Re: connection, host resets, I/O errors eventually (DRBD, but not only)

2009-01-11 Thread Mike Christie

Tomasz Chmielewski wrote:
 Mike Christie schrieb:
 
 The scsi layer sets a timeout on each command. If it does not execute in 
 X seconds, it will run the iscsi eh.

 So you can increase the scsi command time:

 To modify the udev rule open /etc/udev/rules.d/50-udev.rules, and find the
 following lines:

 ACTION==add, SUBSYSTEM==scsi , SYSFS{type}==0|7|14, \
  RUN+=/bin/sh -c 'echo 60  /sys$$DEVPATH/timeout'


 and you probably want to decrease the number of oustanding commands by 
 setting the node.session.cmds_max for that session. With 50 kB/s you 
 might as well set this to 1 command.
 
 This helps a bit, but after some time, something weird happens.
 
 
 I increased the timeout to 240 seconds.
 
 The data flows fine for some time, but after a couple of minutes, every
 program running on that initiator machine seems to freeze (i.e. ping
 stops to ping, top stops to refresh the data, they can't be
 interrupted / won't exit with ctrl+c).
 There is no traffic any more between the target and the initiator.
 
 The machine is a bit alive, as it replies to pings and responds to
 sysrq magic, and I can switch VTs (ctrl+alt+F1...).
 
 
 The machine has its root filesystem accessible via iSCSI (via fast LAN,
 to a different target) which can somehow contribute to the problem? It 
 runs a 2.6.22 kernel.
 Some bad interaction if the initiator is connected to two targets with
 different IPs, and connection to one target is very slow?
 

There should not be. Each session/connection to the target is going to 
get its own threads for sending IO. The receiving is done in the network 
softirq and cannot sleep or dominate the use.

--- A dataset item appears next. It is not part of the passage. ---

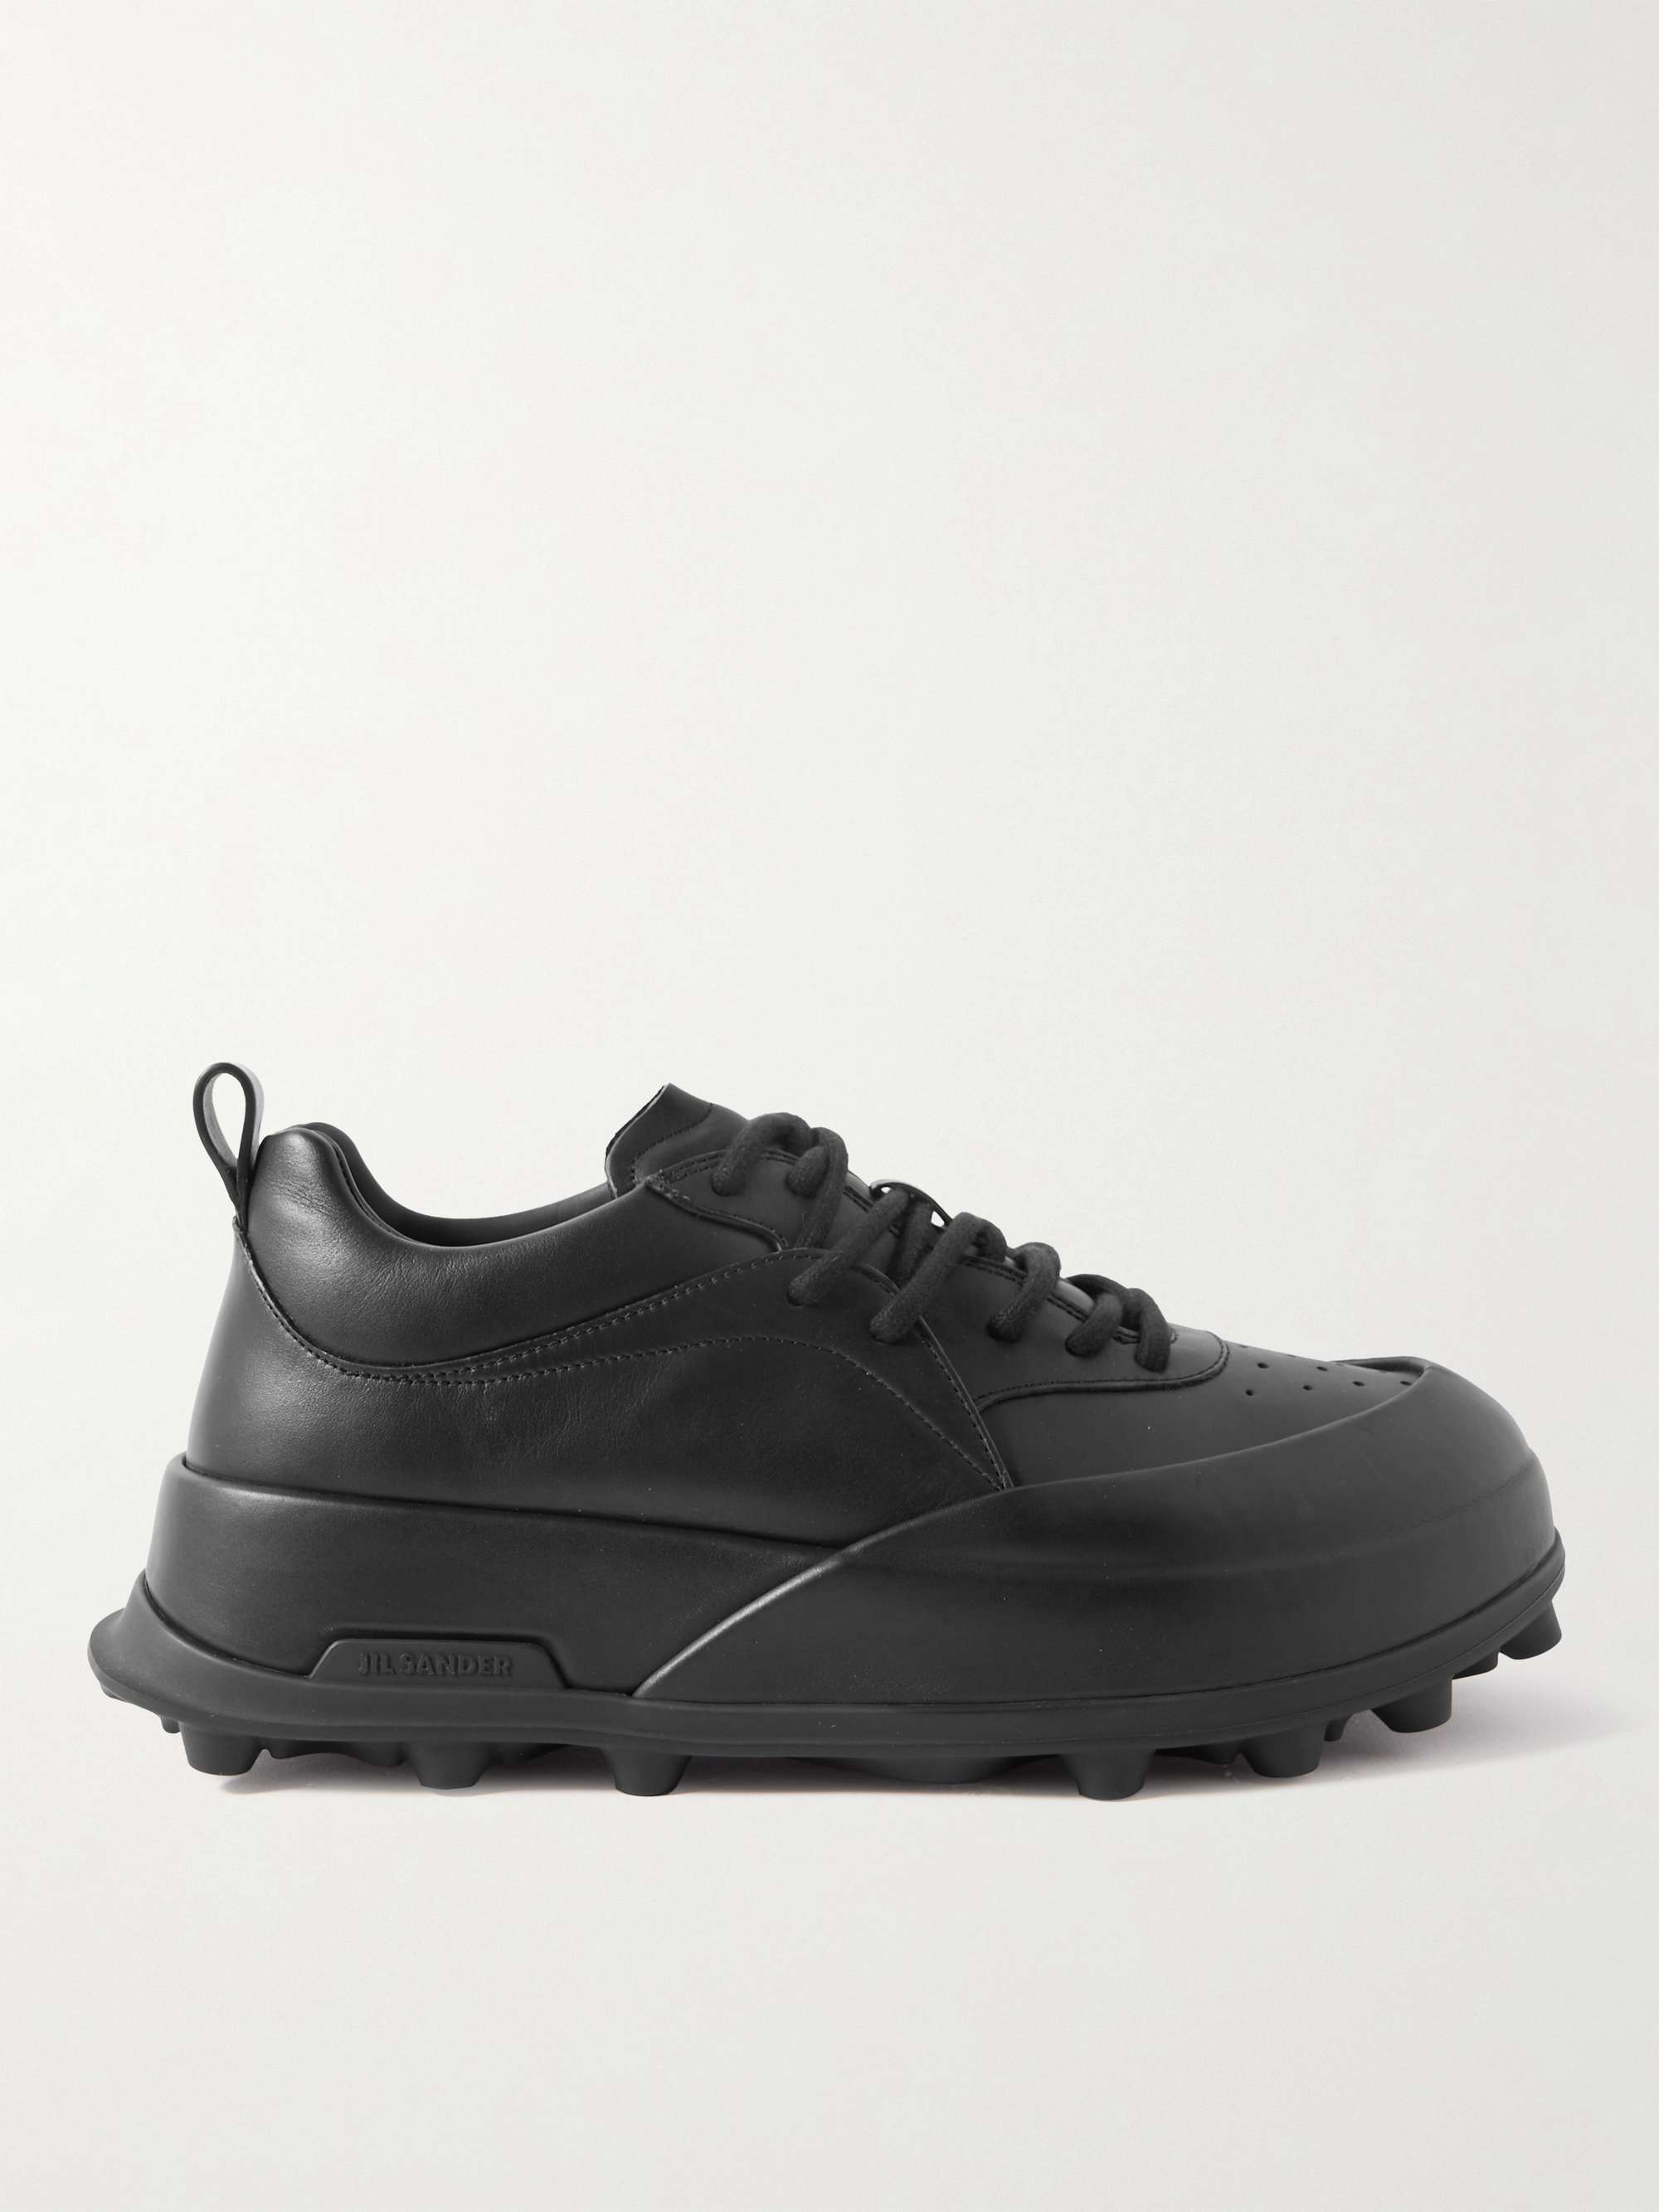 JIL SANDER Orb Leather Sneakers for Men | MR PORTER
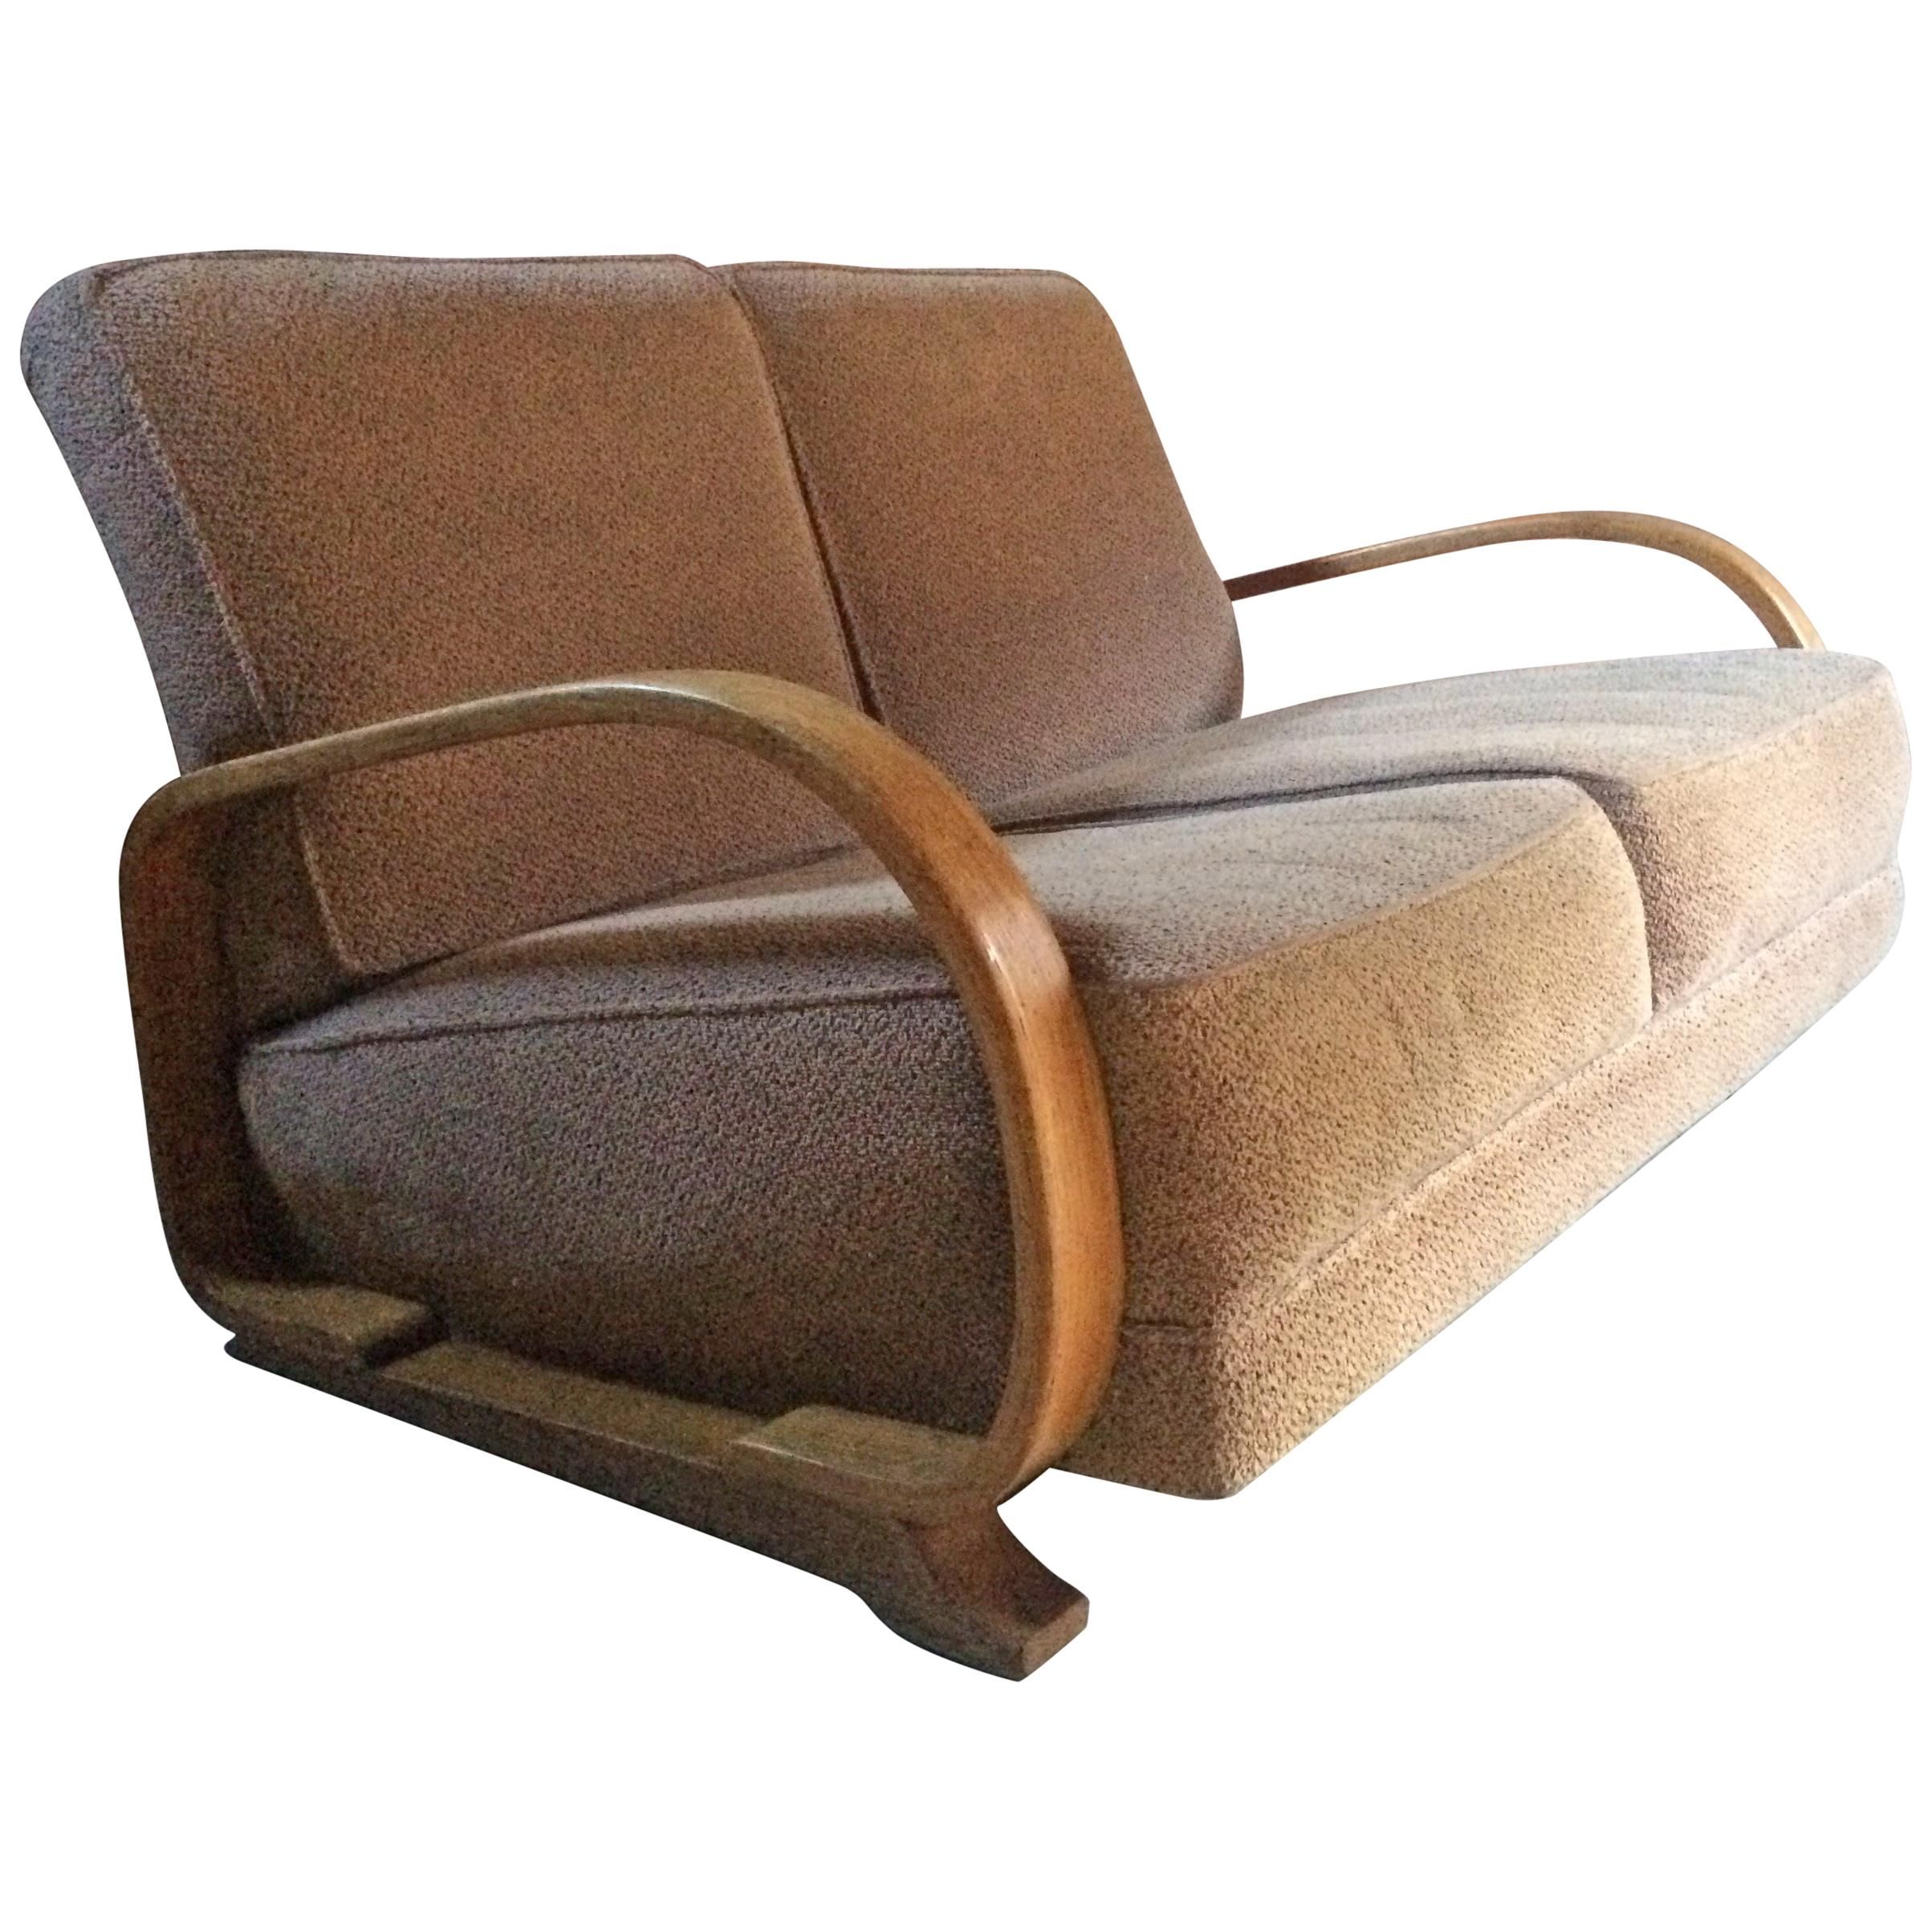 Gilbert Rohde for Heywood Wakefield Sofa Settee Two-Seat Art Deco Streamline

Did you set the queue limit lower too? If so did you do it globally (set 
it in iscsid.conf and discovery the targets) or did you run it for a 
specific sesssion (run iscsiadm -m node -T target -p ip:port -o update 
-n ..)? Maybe if you did it globally the lower queue depth is 
slowing the IO execution and affecting the apps. This is probably not 
the case though. I only know things like a big database not like its IO 
slowed down and I do not think other apps would notice the slow down as 
long as IO completes.

Or were there any iscsi or IO messages in the logs?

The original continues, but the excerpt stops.